> **Task description**:
Range to repeat from the listing below: the line containing "Au parc national" down to the line containing "Нанести удар и", both included. Copy it exactly, pictures excluded, and add nothing else.

> **Data excerpts**:
┄┄┄┄┄┄
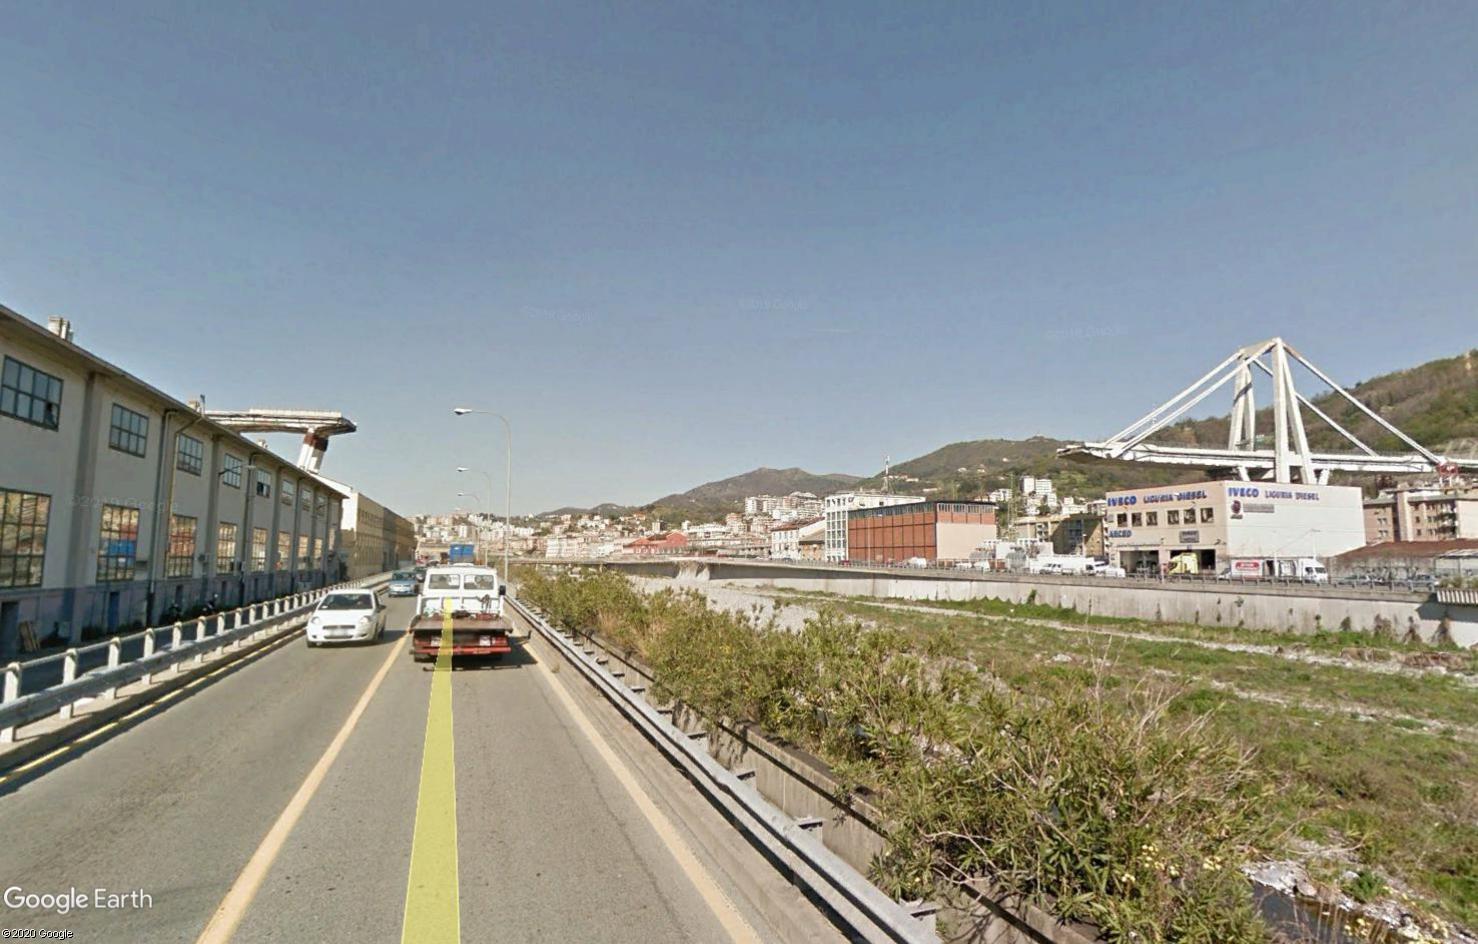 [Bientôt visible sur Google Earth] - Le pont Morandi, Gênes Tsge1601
┄┄┄┄┄┄
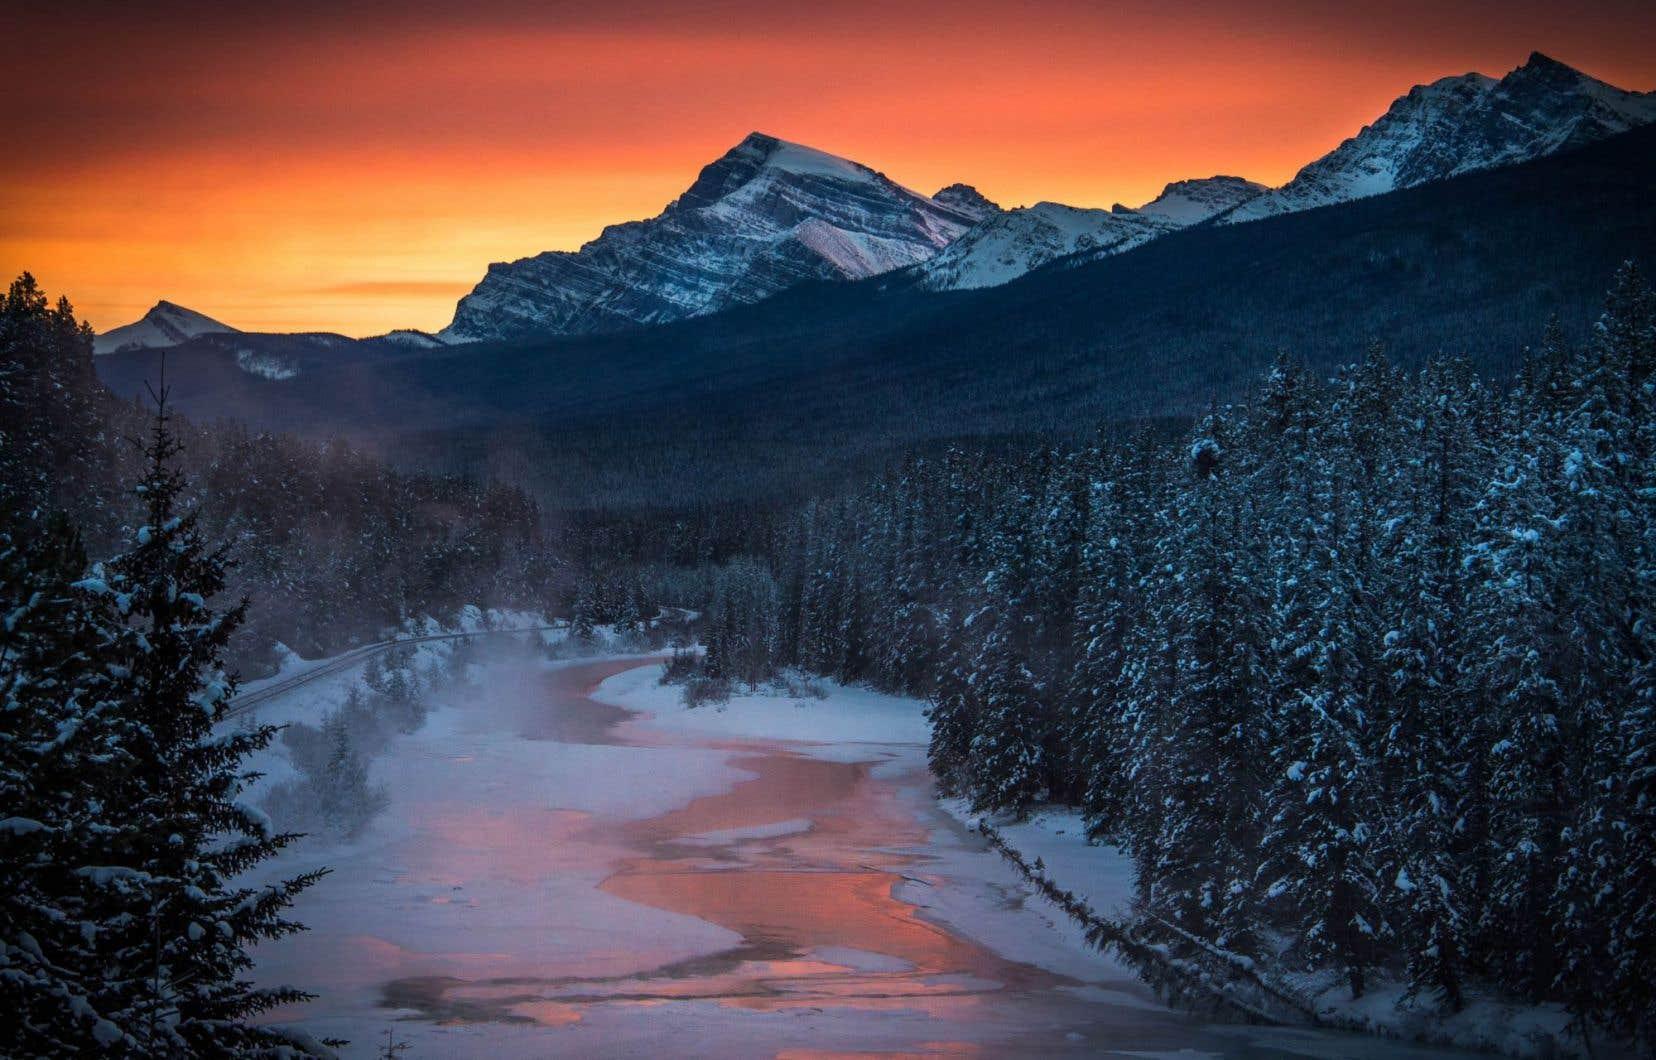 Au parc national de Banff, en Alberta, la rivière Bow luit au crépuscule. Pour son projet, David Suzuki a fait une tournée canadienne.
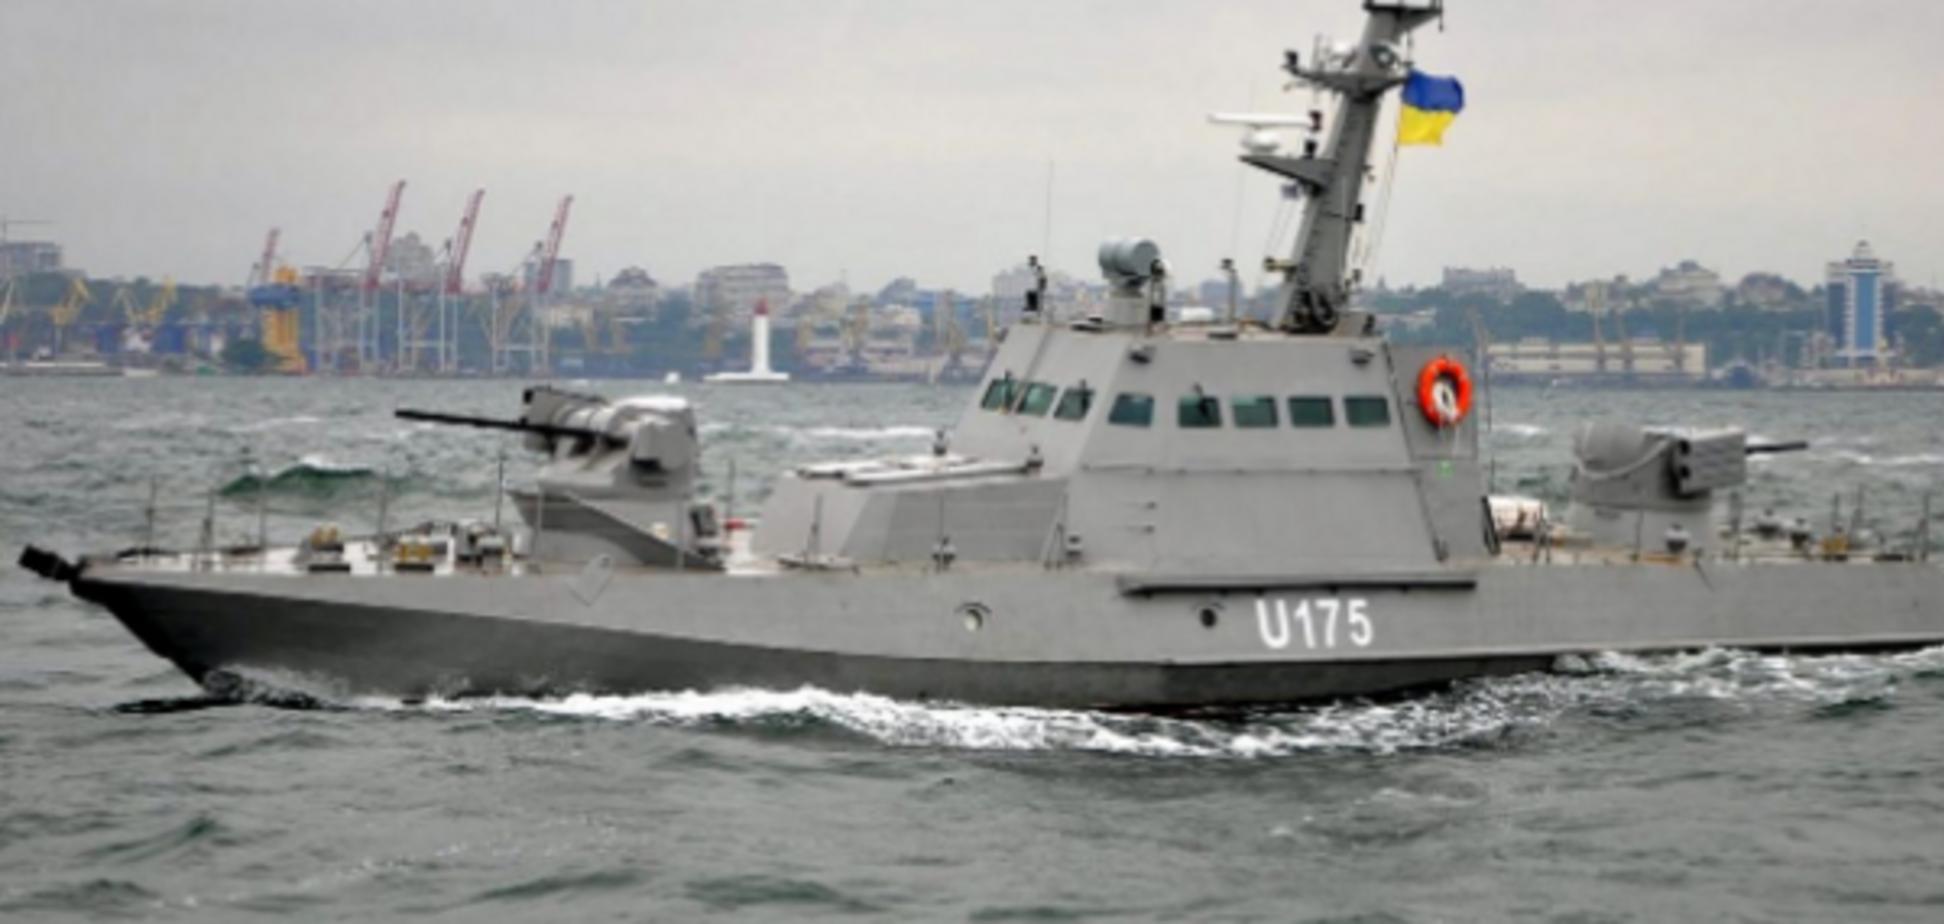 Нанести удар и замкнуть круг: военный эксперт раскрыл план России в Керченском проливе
┄┄┄┄┄┄
> **Expected output**:
 Au parc national de Banff, en Alberta, la rivière Bow luit au crépuscule. Pour son projet, David Suzuki a fait une tournée canadienne.
 Нанести удар и замкнуть круг: военный эксперт раскрыл план России в Керченском проливе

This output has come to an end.